Disposiciones que el abogado Alberto Torres, director jurídico de Sepín, considera necesarias pero exiguas, con un alcance muy limitado especialmente en el ámbito de los locales comerciales que augura un aumento de la litiogisidad en un ámbito abonado a la volatilidad normativa. Para el también presidente de la Sección de Arrendamientos Urbanos, con la aprobación de estas medidas se abre una etapa estratégica en la que arrendadores y arrendatarios deberán buscar un acuerdo o prepararse para una fase más incierta que recomienda evitar la del procedimiento judicial.

Tras la aprobación hace apenas 12 meses del Real Decreto-ley 7/2019, de 1 de marzo, de medidas urgentes en materia de vivienda y alquiler, el régimen jurídico de los contratos de arrendamiento vuelve a cambiar, esta vez como consecuencia de una pandemia. ¿Cuál es la situación a día de hoy?

Dices bien a día de hoy por cuanto en cualquier momento puede dictarse un nuevo Real Decreto que afecte a su regulación. Por lo tanto, a 7 de mayo, el marco legislativo de los arrendamientos urbanos consecuencia del COVID-19, en el caso de la vivienda está constituido por el R.D.-Ley 11/2020 de 31 de marzo, y en el caso de los locales de negocio por el R.D.-Ley 15/2020, de 21 de abril.

Se trata en ambos casos de disposiciones de escaso contenido, carácter eminentemente programático y ámbito muy limitado pues no son muchos los contratos de arrendamiento a los que en realidad afectan y que en el caso de los locales de negocio deja una situación muy compleja que no va a ser fácil de resolver.

¿Por qué es más compleja entonces la posición de los arrendatarios de locales de negocio tras el R.D.-ley 15/2020, de 21 de abril?

Era indudablemente necesario un Real Decreto que señalase a arrendadores y arrendatarios el camino a seguir en una situación tan extraordinaria como la actual y ante una legislación como la española que, a diferencia de la de otros países de nuestro entorno, no dispone de una regulación que permita reglar sus efectos.
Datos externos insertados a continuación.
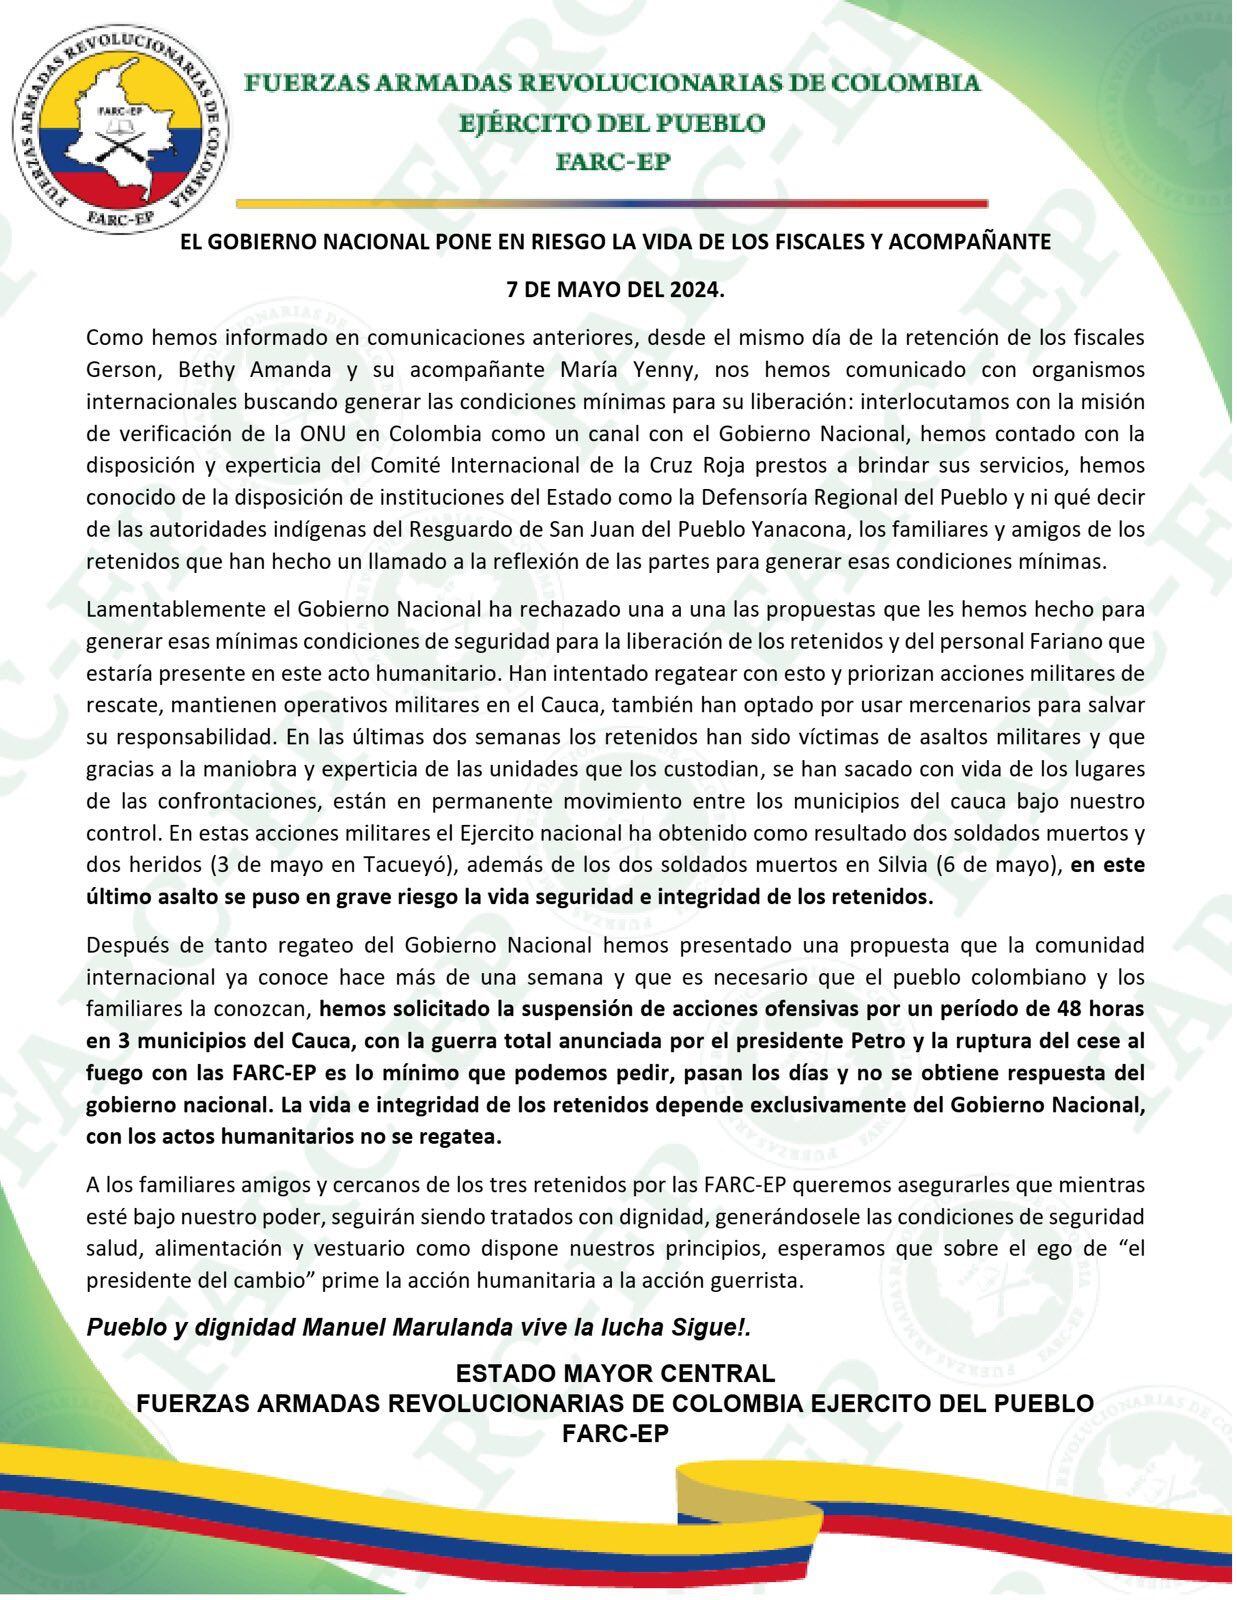 Disidencias de las Farc pidieron una suspensión de acciones ofensivas durante 48 horas en tres municipios del Cauca - crédito @FARCEP_

Sin embargo, en el Real Decreto dictado tienen más importancia en realidad los contratos de arrendamiento de local de negocio a los que no afecta que a los que afecta.

¿En qué sentido?

No tiene mucho sentido que se discrimine arrendatarios por el mero hecho de que su arrendador sea o no un gran tenedor y que a los contratos en los que los arrendadores no son grandes tenedores de inmuebles, que son la inmensa mayoría de los arrendamientos de nuestro país (pueden rondar el 90% o 95%), se limite a dejar a la voluntad de los arrendadores la opción de aceptar o no la solicitud de moratoria en el pago de la renta realizada por los arrendatarios, lo que en la práctica es como si quedaran fuera de su regulación.

Consecuencia de ello, todos estos arrendatarios —así como aquellos que no sean Pymes o autónomos, que también quedan fuera de su regulación— quedan ahora en una situación muy complicada por cuanto no van a tener más remedio, si no alcanzan un acuerdo, que acudir a los tribunales para que se les cambien las condiciones de sus contratos en base a la Cláusula rebus sic stantibus.

¿Cómo se están comportando arrendadores y arrendatarios en estos momentos?

Hemos pasado una primera etapa de puro posicionamiento, en la que la mayoría de los arrendatarios se han limitado a comunicar a sus arrendadores que por razones de fuerza mayor suspendían el pago de la renta, mientras que los segundos a su vez han venido a contestar que el contrato estaba plenamente vigente y que no tenían por qué ser ellos los que debían soportar todos los efectos del COVID-19, por lo que no reconocían dicha suspensión en el pago. Se trata de la regla general, pues también es cierto que durante este periodo ha habido propietarios que han concedido moratorias y reducciones de renta e incluso se han firmado acuerdos, aunque en muchas ocasiones forzados por los costes que les supone a los propietarios la devolución de recibos y el pago de impuestos que se puede solventar con el acuerdo y un Anexo al contrato.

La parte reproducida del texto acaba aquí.